Мэг остановилась в одном из самых великолепных отелей Бангкока в «Shangri la hotel».  Словно сказочный дворец магараджи, он раскинулся на берегу реки Чаопрайя, окруженный поистине райскими садами, где теннисные корты, бассейны, площадки для вертолетов и скоростных катеров не портили, а подчеркивали безупречность дизайна. Я попросил портье позвонить к ней в номер и предупредить, что жду ее в холле «крыла ангелов», где изысканность отделки и потрясающая роскошь поражали любое воображение. Портье сказал мне, что леди не может спуститься в холл  и просила передать, что через четверть часа она примет меня у себя в апартаментах.

Номер был выдержан в тайском стиле и имел поистине царскую обстановку, а  строгий покрой брючного костюма Мэг из плотного китайского шелка с мягкими переливами - от топленого молока до густо-янтарного - и гладкие распущенные волосы, сдерживаемые лишь перламутровой заколкой, выдавали и здесь ее аристократические корни. Она в любой одежде выглядит на фоне дворцовых декораций естественно и гармонично.

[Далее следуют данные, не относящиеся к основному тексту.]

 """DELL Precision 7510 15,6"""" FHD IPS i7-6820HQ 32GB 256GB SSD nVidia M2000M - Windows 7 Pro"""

Мэг не удивилась моему появлению, а как будто ждала его.
       -Я искала тебя, чтобы предупредить и предостеречь от непоправимого шага, - начала она вместо приветствия в гостиной своего номера.

        Она сидела на краю кресла – мягкой светлой кожи с позолотой и инкрустацией из слоновой кости - прямая, напряженная и очень серьезная. Я не видел ее около полугода, но мне казалось, что она появилась из моей прошлой жизни. В пространстве, в котором я сейчас обитал,  не было ни ее, ни кого либо другого - кто мог бы повлиять на мое настоящее, которое я определил в четкие границы желаемой цели. И поэтому я был слегка удивлен и раздосадован, что прошлое в лице Мэг все еще пытается вылепить из щепок, пепла и воспоминаний предательский мостик для  моего отступления.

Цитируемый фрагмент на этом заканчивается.